Received 25 July 2013; Revised 13 December 2013; Accepted 16 December 2013; Published 20 February 2014

Academic Editor: Asier Ibeas

Copyright © 2014 Yuan Ren and Jiancheng Fang. This is an open access article distributed under the Creative Commons Attribution License, which permits unrestricted use, distribution, and reproduction in any medium, provided the original work is properly cited.


This paper develops a complex-coefficient frequency domain stability analysis method for a class of cross-coupled two-dimensional antisymmetrical systems, which can greatly simplify the stability analysis of the multiple-input multiple-output (MIMO) system. Through variable reconstruction, the multiple-input multiple-output (MIMO) system is converted into a single-input single-output (SISO) system with complex coefficients. The pole locations law of the closed-loop system after the variable reconstruction has been revealed, and the controllability as well as observability of the controlled plants before and after the variable reconstruction has been studied too, and then the classical Nyquist stability criterion is extended to the complex-coefficient frequency domain.
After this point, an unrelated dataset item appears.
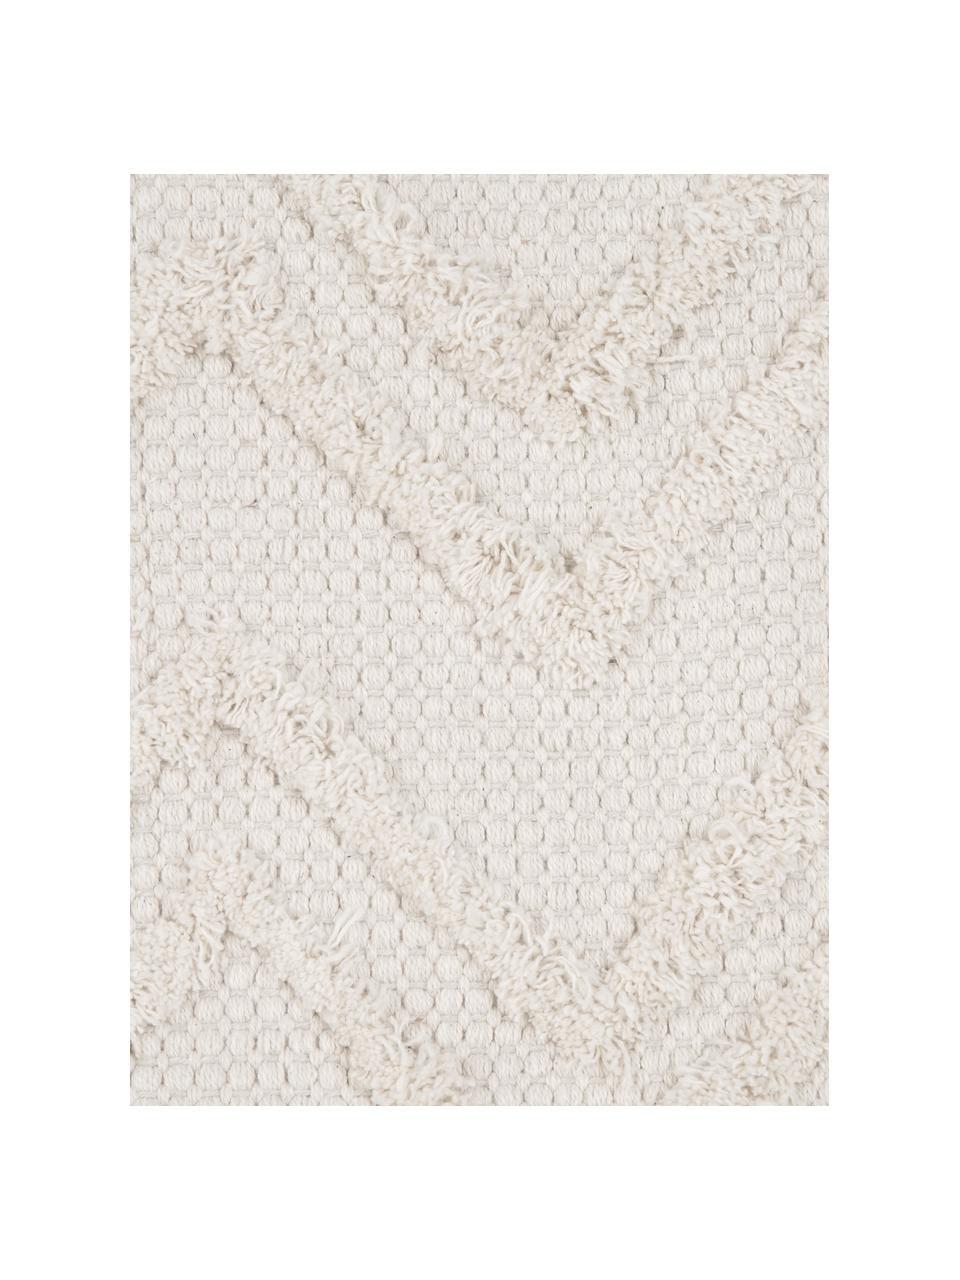 Federa arredo con motivo a zigzag  Akesha, 100% cotone, Ecru, Larg. 45 x Lung. 45 cm
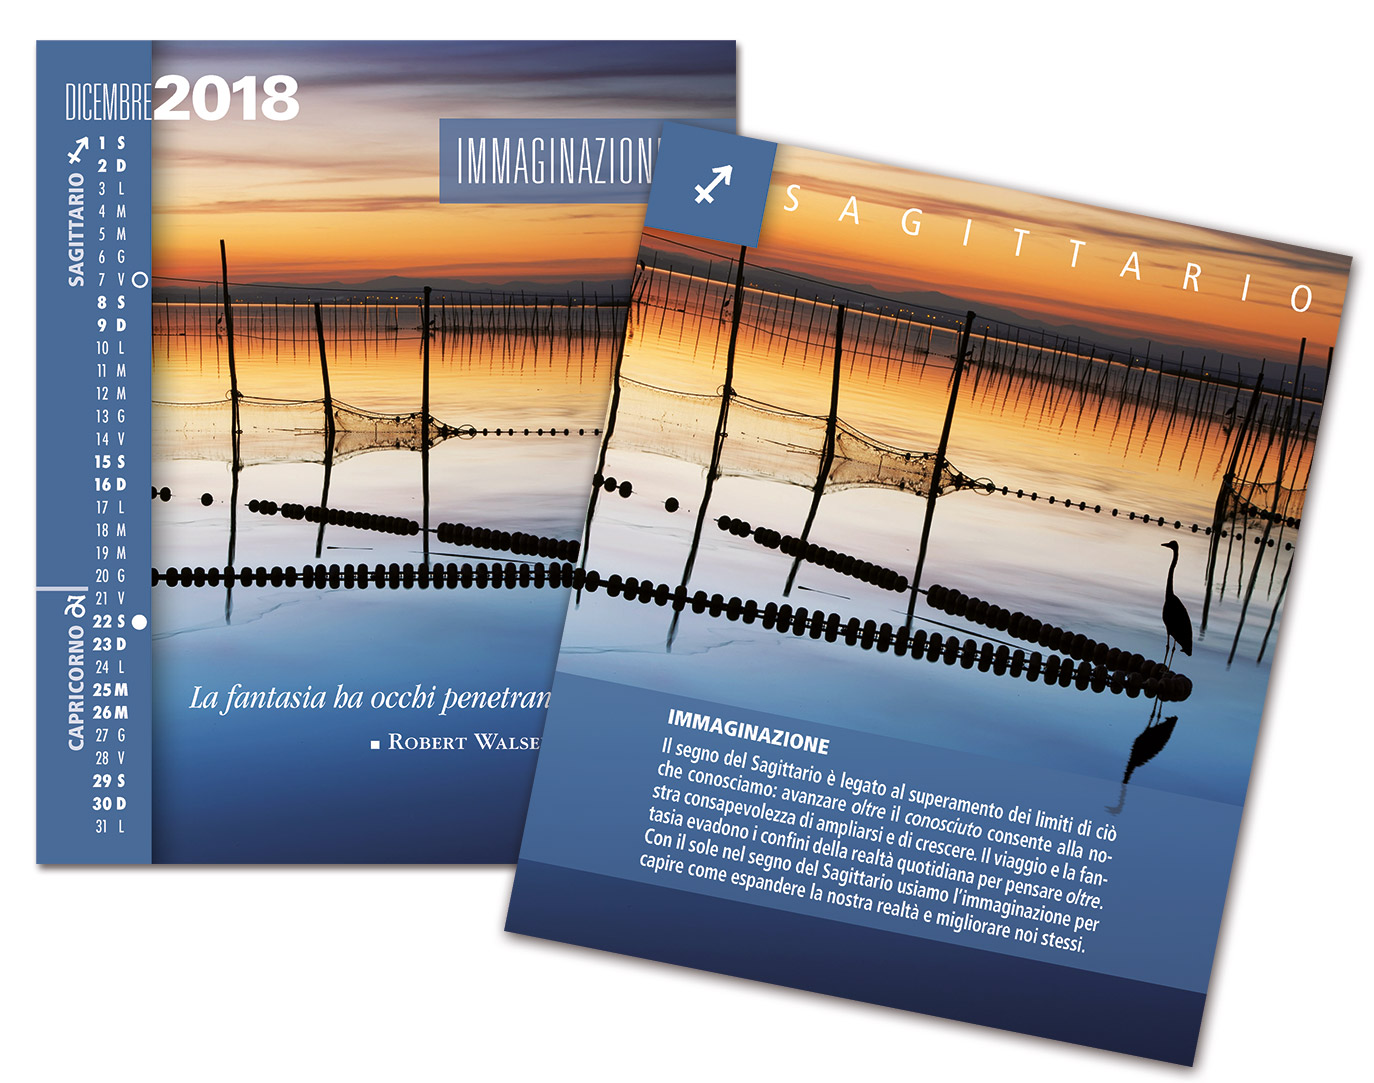 Calendario 2018 SegniSimboliParole Dicembre

Combined with the rigid magnetically suspended rotor (MSR) system with heavy gyroscopic effects, corresponding stability criterion has been further developed. Compared with the existing methods, the developed criterion for the rigid MSR system not only accurately predicts the absolute stability of the different whirling modes, but also directly demonstrates their relative stability, which greatly simplifies the analysis, design, and debugging of the control system.